Ensuite, vous devrez télécharger les fichiers de configuration du client OpenVPN de OpenVPN Server vers la machine client.

Sur la machine client, exécutez la commande suivante pour télécharger tout le fichier de configuration du client:

SCP -R [Protégé par e-mail]: / etc / openvpn / client . 

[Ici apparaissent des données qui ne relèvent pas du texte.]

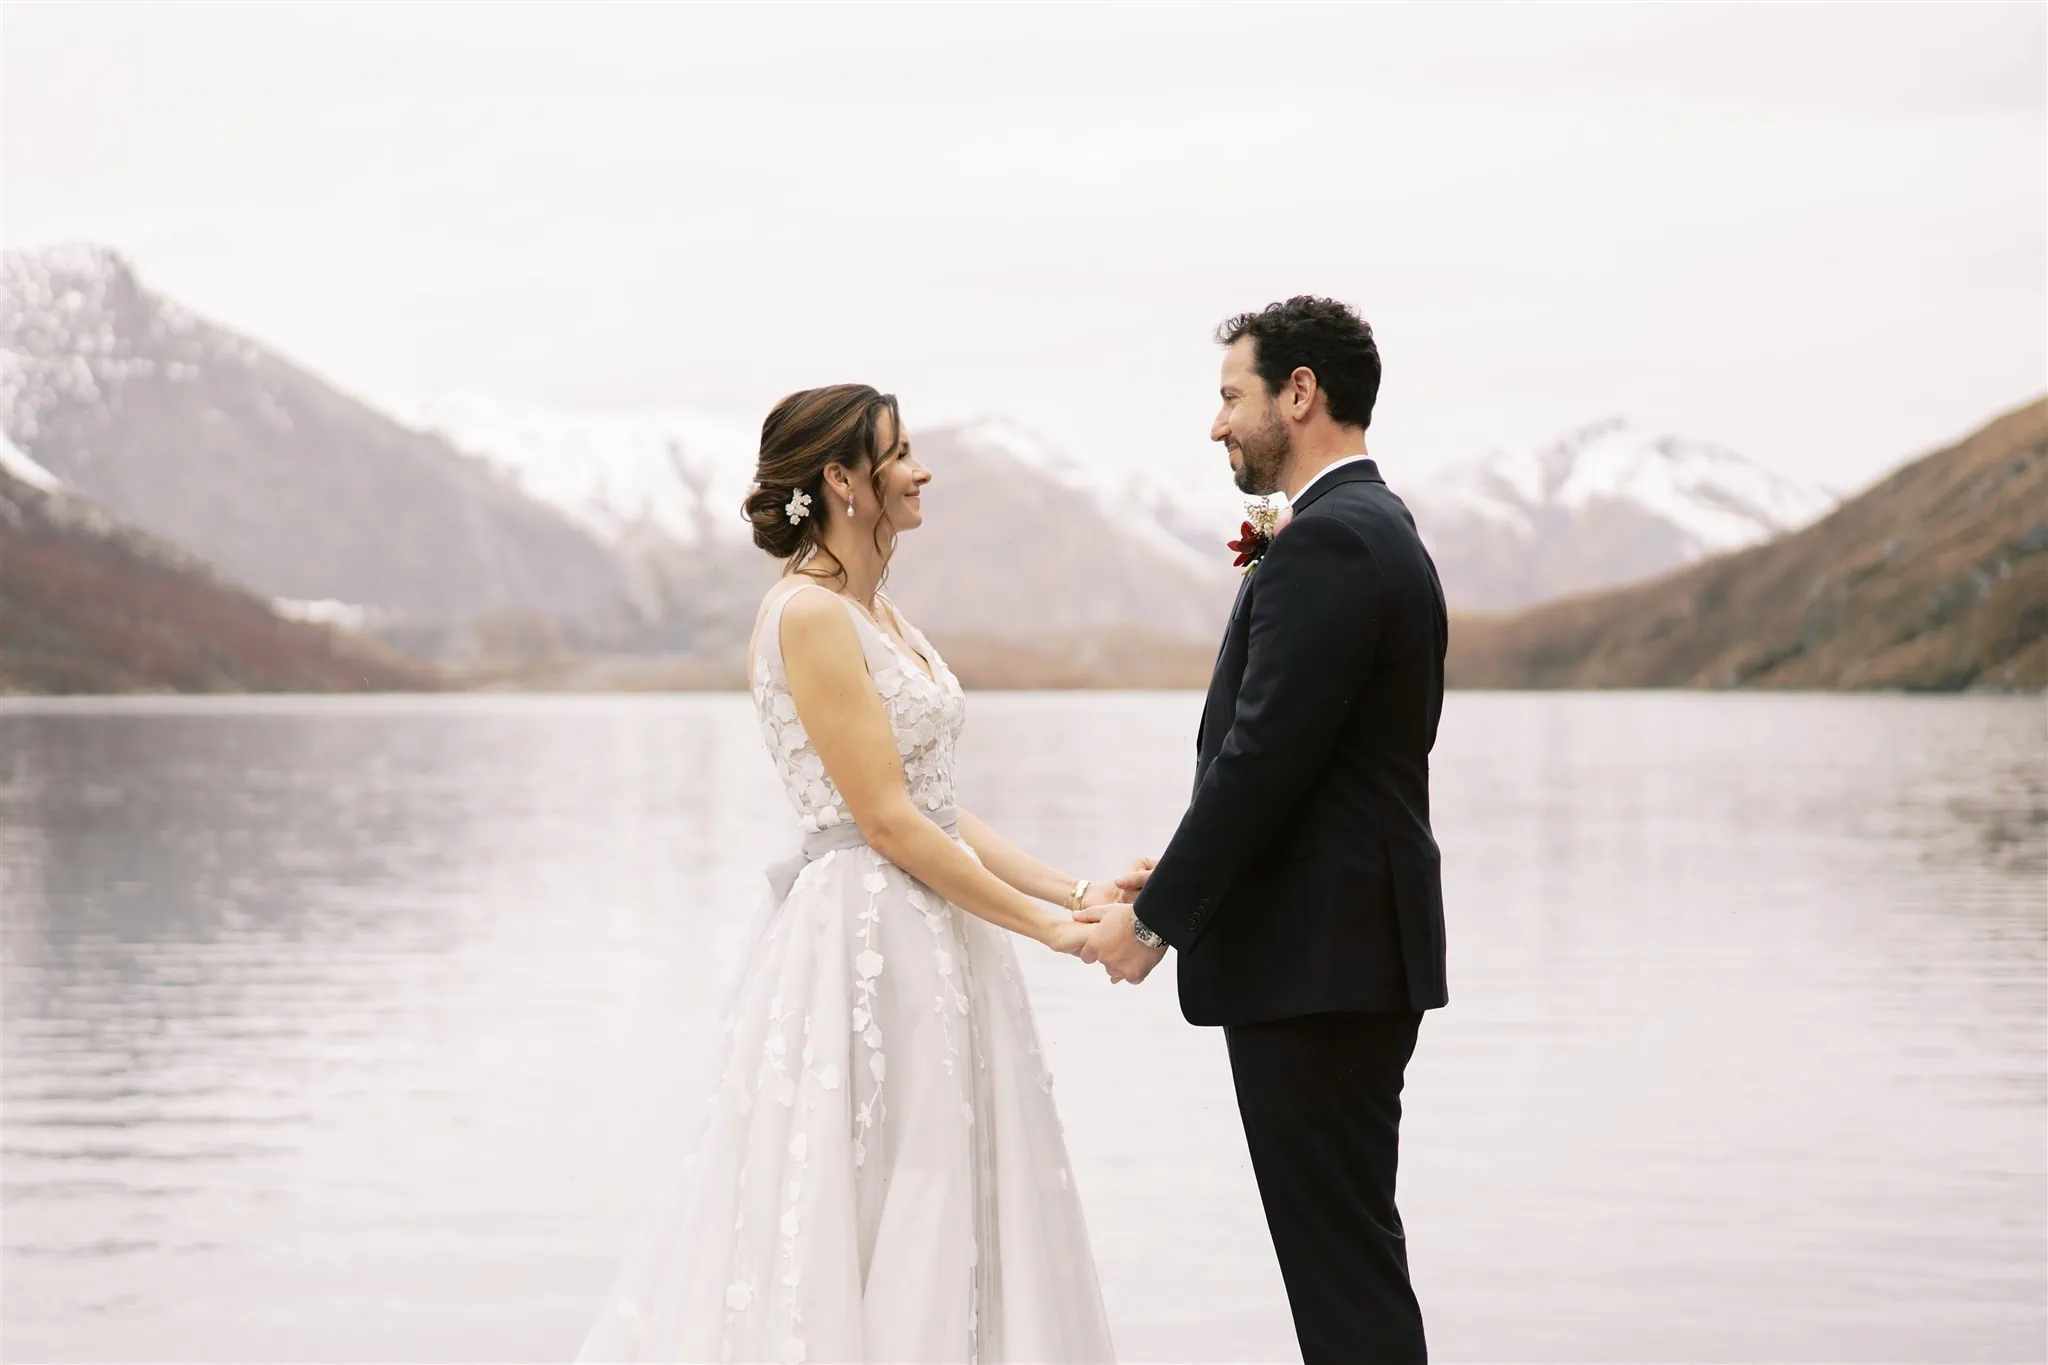 Queenstown New Zealand Elopement Wedding Photographer - Alex & Shahar, a bride and groom, captured their special Queenstown elopement moment in front of a serene lake surrounded by majestic mountains.

Une fois téléchargé, modifiez le répertoire en client et exécutez la commande suivante pour vous connecter au serveur OpenVPN:

Client CD OpenVPN - Clifig Client.OVPN 

Vous devriez voir la sortie suivante:

Lun 17 février 00:54:17 2020 Vérifier OK: Depth = 0, CN = Tecadmin-Server lun 17 février 00:54:17 2020 COMMANDE CONTRÔLE: TLSV1.3, chiffre Tlsv1.3 TLS_AES_256_GCM_SHA384, 2048 BIT RSA LUN 17 Fév.245.36.127: 1194 lun 17 févr , DHCP-Option DNS 208.67.222.222, DHCP-Option DNS 208.67.220.220, route 10.8.0.1, topologie NET30, ping 20, ping-restart 60, ifconfig 10.8.0.6 10.8.0.5, Peer-ID 0, Cipher AES-256-GCM 'lun 17 fév Modified lun 17 février 00:54:18 2020 Options Importation: Options d'itinéraire Modified lun 17 fév. 18 2020 Options Importation: Peer-ID Set Lun 17 février 00:54:18 2020 Options Importation: ajustement de lien_mtu au 1625 lun 17 février 00:54:18 2020 Importation d'options: canal de données Crypto Options modifiées lun 17 février 00:54:18 2020 Canal de données: Utilisation du chiffre négocié 'AES-256-GCM' lun 17 février 00:54:18 2020 Channel de données sortant: Cipher 'AES-256-GCM' Initialisé avec une clé de 256 bits lun 17 février 00:54:18 2020 Canal de données: Cipher 'AES-256-GCM' initialisé avec une clé de 256 bits lun 17 février 00:54:18 2020 Route_gateway 45.58.38.1/255.255.255.0 iface = eth0 hwaddr = 00: 00: 2d: 3a: 26: d9 lun 17 février 00:54:18 2020 Tun / Tap Device Tun0 ouvrir le lundi 17 février 00:54:18 2020 TUN / TAP LONGUEUR DE FIDUE TX SET À 100 Lun 17 févr.8.0.6 pairs 10.8.0.5 

Après une connexion réussie, OpenVPN affectera une adresse IP à votre système. Vous pouvez le vérifier avec la commande suivante:

ifconfig tun0 

Sortir:

tun0: drapeaux = 4305 MTU 1500 INET 10.8.0.6 Masque de réseau 255.255.255.255 destination 10.8.0.5 INET6 FE80 :: C6B: 2644: 5142: 8e7f Prefixlen 64 Scopeid 0x20 UNSEPEC 00-00-00-00-00-00-00-00-00-00-00-00-00-00-00-00 Txqueuelen 100 (USPEC) Paquets RX 0 octets 0 (0.0 b) Erreurs Rx 0 Drop 0 Overruns 0 Frame 0 Paquets TX 2 octets 96 (96.0 b) Erreurs Tx 0 Drop 0 Overruns 0 Carrier 0 

Toutes nos félicitations! Vous avez réussi et configuré OpenVPN Server and Client sur le serveur CentOS 8.